Some say inflation is easy to understand but the impacts from it are anything but easy – especially the impact on your investment portfolio. So let’s dig in a little – What is inflation and what are the best investments for rising inflation?
How are we at Cashflows & Portfolios fighting inflation with our investment portfolios?
Read on to find out and of course, comment away including what you’re doing about it.
What is inflation?
At the most basic level, inflation is an increase in the price of goods and services over time.
For example, if the inflation rate is 2%, then a loaf of bread today that costs $1 will cost $1.02 the next year. Of course, bread is more expensive than $1 or even $1.02.
Simply put, inflation erodes purchasing power.
Are there benefits to low inflation?
What are the Best Investments for Rising Inflation?
In terms of your investment portfolio, here are a few quick considerations for the best investments for rising inflation:
1. Stick to a bias of stocks.
We believe a stock portfolio unto itself can be a good inflation hedge. Companies can push their increased manufacturing and service costs back onto customers, to a point, to keep their revenues flowing in and costs may climb. Of course, some stocks such as those in the following sectors may be more inflation-friendly than others:
- Consider owning Real Estate Investment Trusts (REITs).
- Consider owning commodities.
- Consider owning materials.
2. Consider the “Permanent Portfolio”.
The permanent portfolio is an investment portfolio designed to perform well in all economic conditions. It was devised by free-market investment analyst, Harry Browne, in the 1980s. This portfolio is composed of equal parts stocks, bonds, gold, and cash. In terms of low-cost U.S. ETFs, it looks a little bit like this:
“So if many portfolio managers and financial planners don’t consider serious inflation or the possibility for a change in economic conditions (economic regimes) it’s not surprising that the everyday retail investor would not ‘get it’. And by the way, I am told that advisors and planners are not trained ‘on this’. They are not trained to protect your wealth in all economic conditions. The word “stagflation” does not show up in their training materials.”
3. Own the TSX!
Yup, not all sectors are negatively impacted by inflation. So, to hedge your portfolio against inflation, consider investing in sectors that will see pent-up demand, like oil, electricity, and real estate. In fact, one could make a case that financials might do well in a slightly inflationary environment. When it comes to those sectors, look no further than the TSX.

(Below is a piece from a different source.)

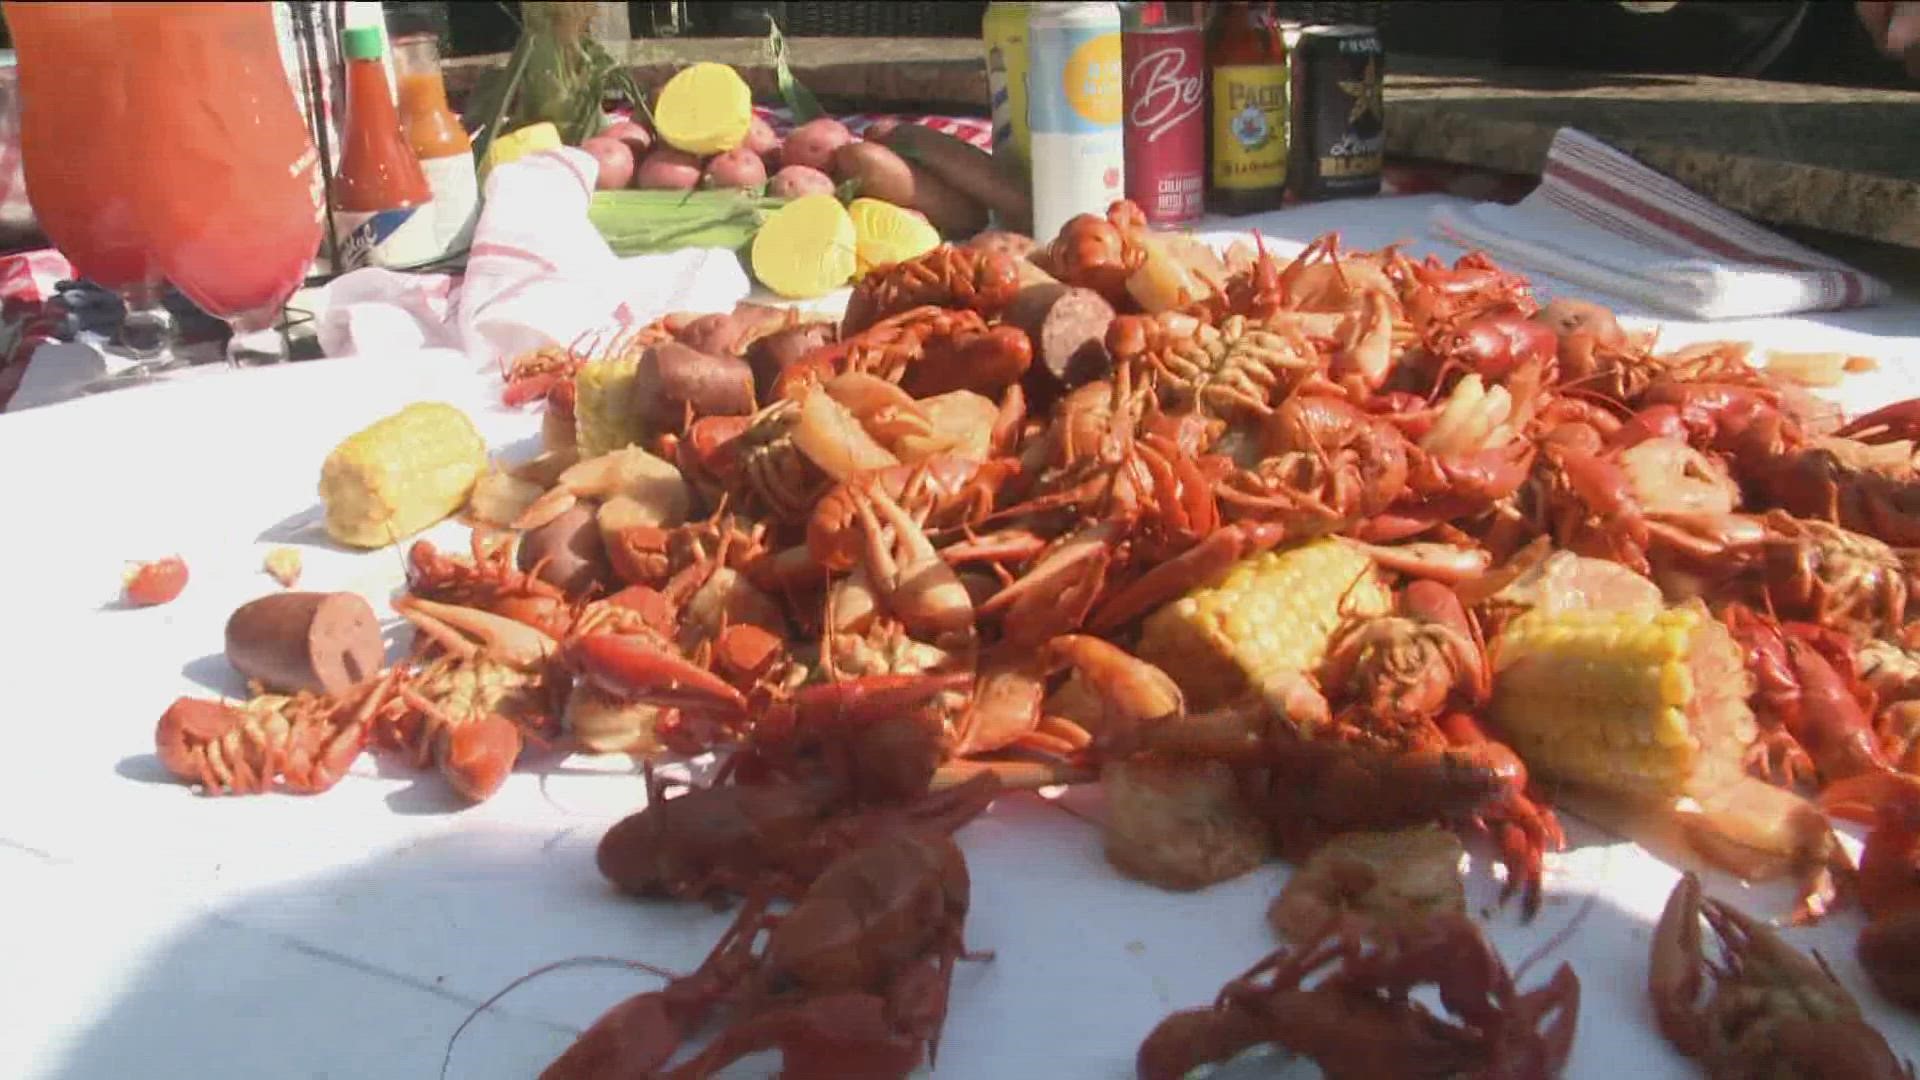 The event started as a way to further Smack Shack's sustainability mission, and to deplete the supply of invasive crayfish in Woman Lake in northern Minnesota.

Sure, as far as recessions go, banks and large financials are probably not ideal investments for superior short-term returns. Banks are very cyclical in that sense – when bad times hit – you’ll see housing demands drop, you’ll see other loan demands drop and we saw this during the first part of the COVID pandemic. But, banks are gonna bank. Banks are engineered to make money, lots of it, during mildly inflationary environments.
So, with that, given the TSX index is heavily weighted in both energy and financials, it might not be a bad place to keep some of your money during some inflationary times, let alone as part of a long-term investment plan, in the TSX.

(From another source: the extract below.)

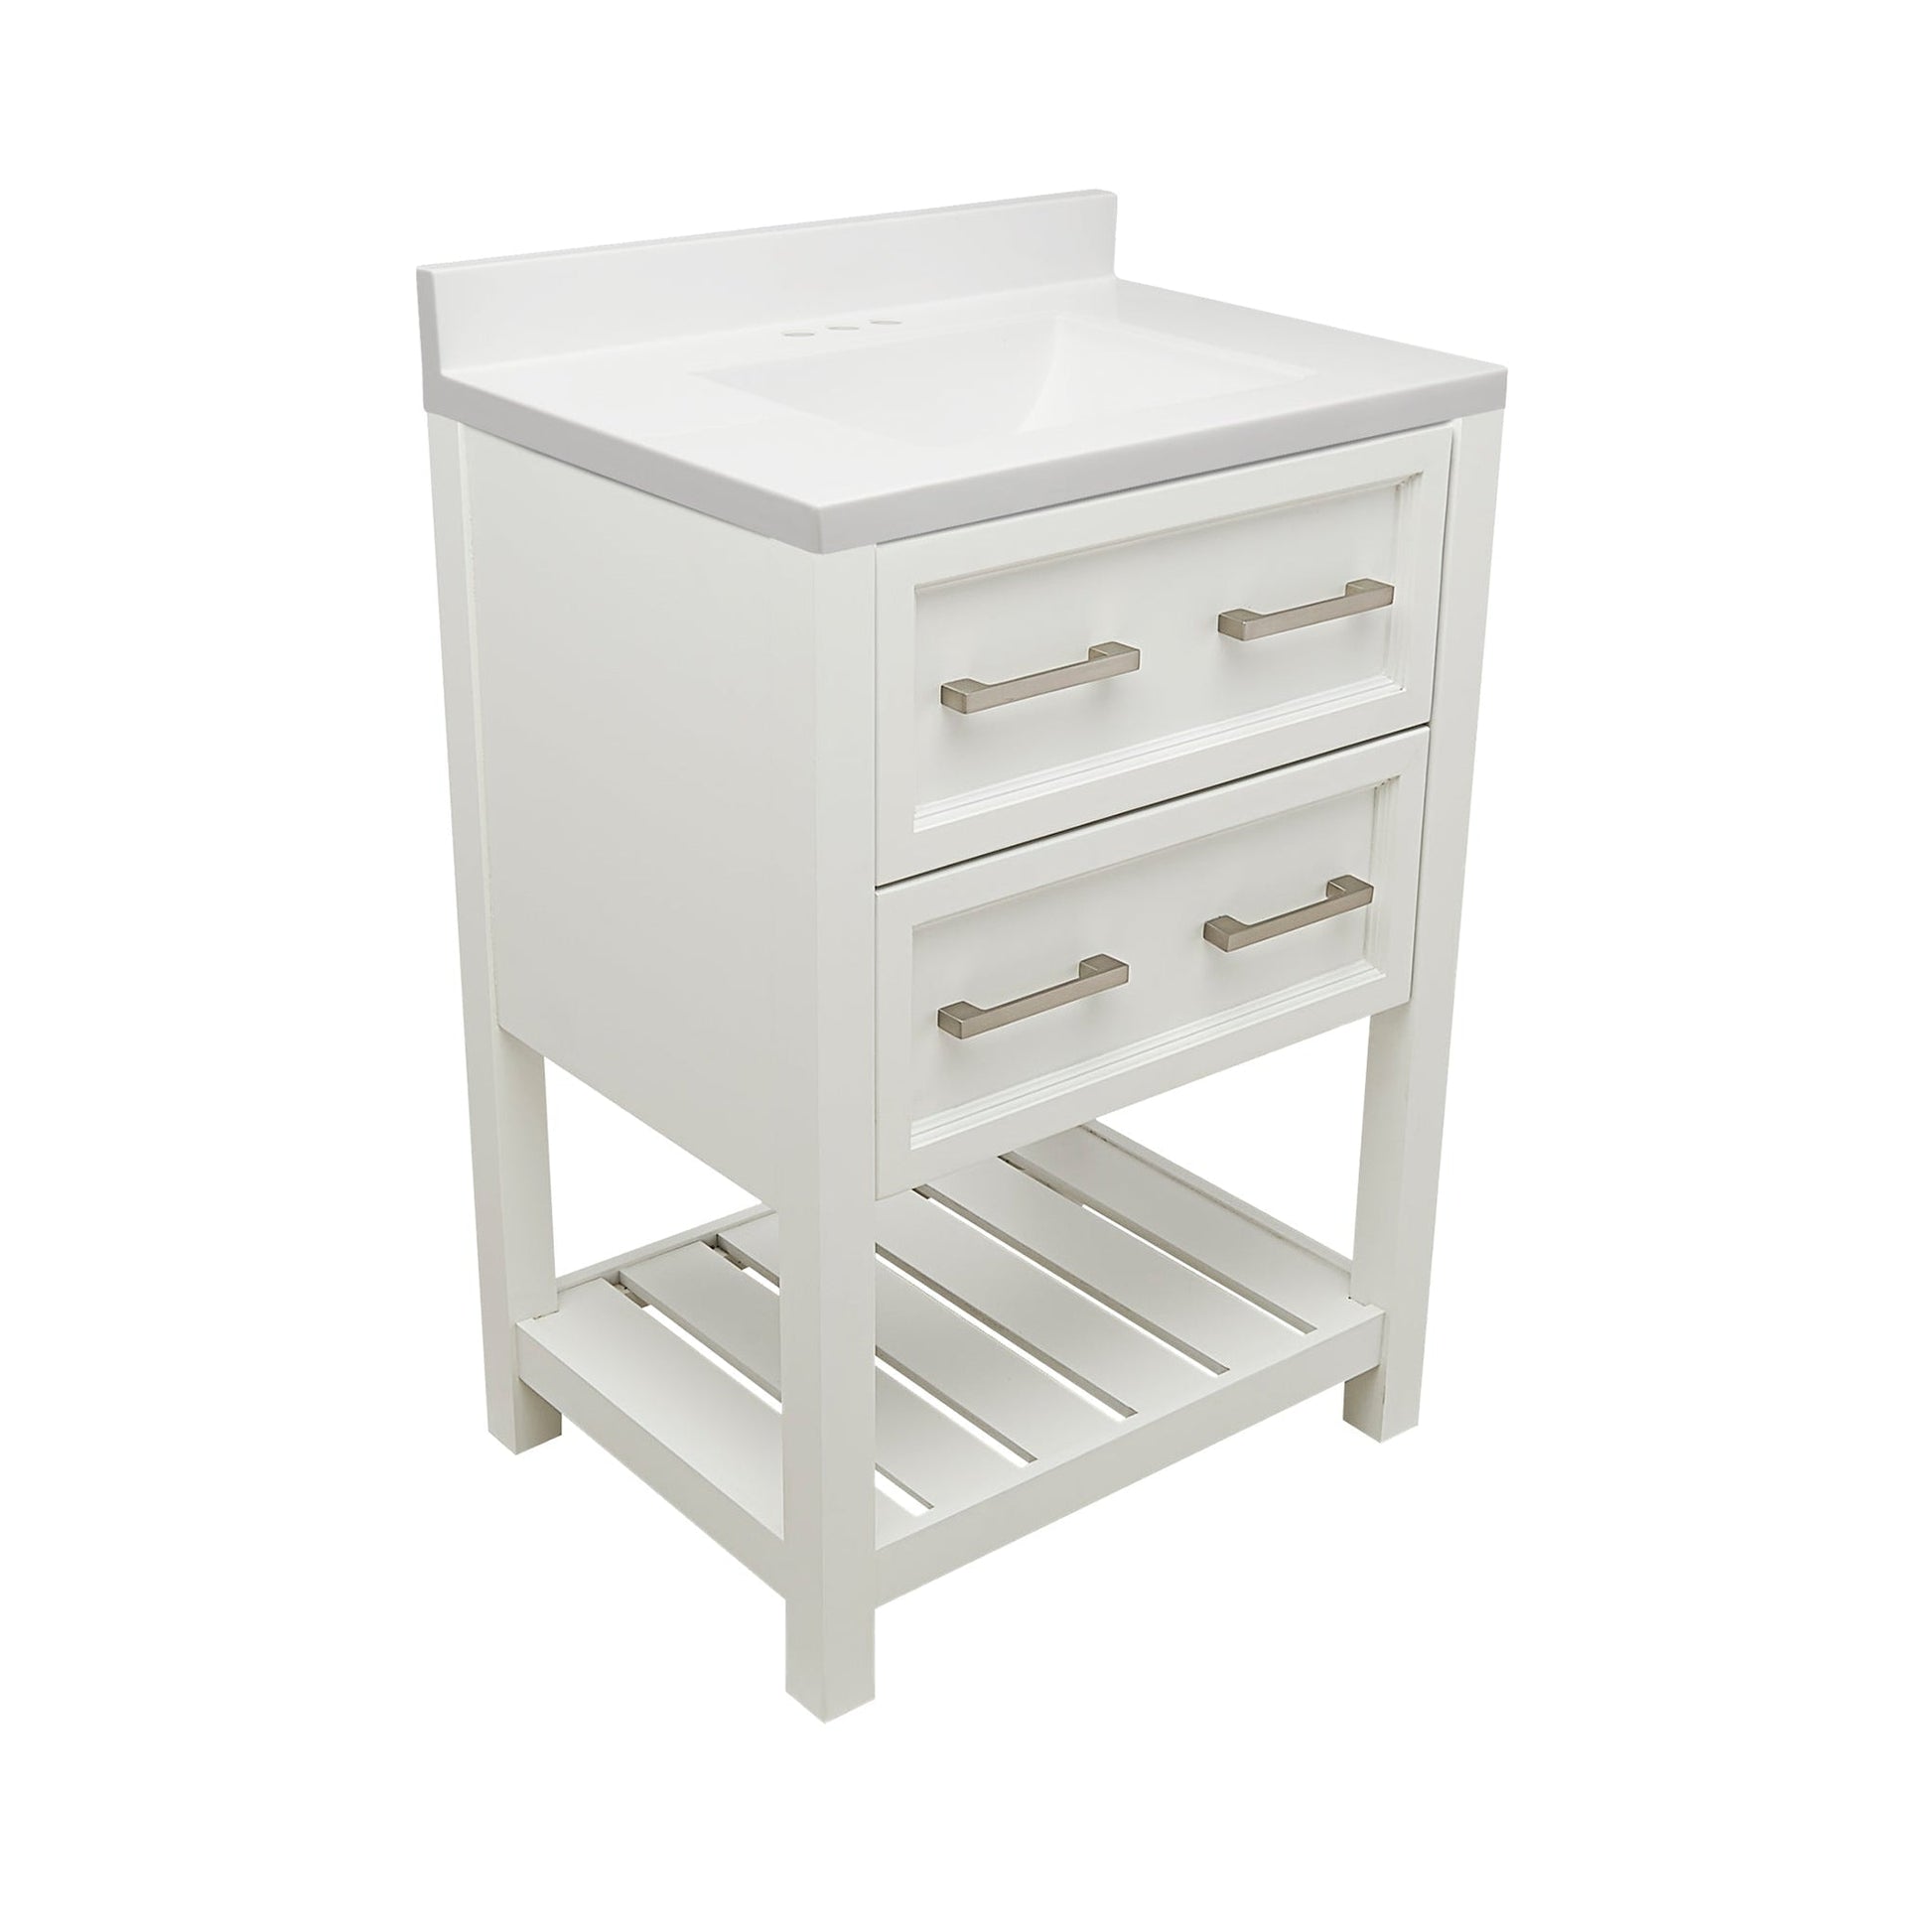 Ella's Bubbles Tremblant 25" White Bathroom Vanity With White Cultured Marble Top With White Backsplash and Sink

See the following sector allocation in the Vanguard Canada – FTSE Canada All Cap Index ETF (VCN):
Sector | Fund | Benchmark | +/- Weight |
---|---|---|---|
Financials | 33.0% | 33.0% | 0.0% |
Energy | 13.7% | 13.7% | 0.0% |
Basic Materials | 11.5% | 11.2% | 0.3% |
Technology | 11.4% | 11.4% | 0.0% |
Industrials | 8.6% | 8.6% | 0.0% |
Consumer Discretionary | 6.0% | 6.0% | 0.0% |
Utilities | 5.3% | 5.7% | -0.4% |
Telecommunications | 5.0% | 5.0% | 0.0% |
Real Estate | 2.3% | 2.3% | 0.0% |
Consumer Staples | 2.2% | 2.2% | 0.0% |
Health Care | 0.8% | 0.8% | 0.0% |
Total | 100.0% | 100.0% |
Source: Vanguard Canada.
How are we at Cashflows & Portfolios fighting inflation with our investment portfolios?
Well, in fact, we’re doing next to nothing.
For one, we already own a nice basket of stocks via low-cost ETFs to ride the market returns. We outlined some of our favourite low-cost ETFs in this post here:
Build Long-Term Wealth using our Diversified ETF Model Portfolios
Second, we also happen to own a few dividend-paying stocks in each of our portfolios. We own some REITs, commodities and some material stocks (e.g., Nutrien (NTR)) to help fight inflation.
Lastly, we’ve seen this movie a bit before. We’ve learned from The Four Keys to Investing Success.
Inflation is bound to rise and fall and rise overtime again. As such, we’ve designed each of our portfolios based on lessons learned from history to hold a bit of cash (maybe not as much as Harry Browne!) and keep other sectors in our portfolio (such as some technology stocks) through indexing the U.S. market. This way, using the tech sector-heavy U.S. market as an example, that’s a small hedge to ride out any higher but short-term inflationary period. I mean, who doesn’t like a new iPhone now and then? Will people really stop using paying their electricity bill to use the internet? We doubt it.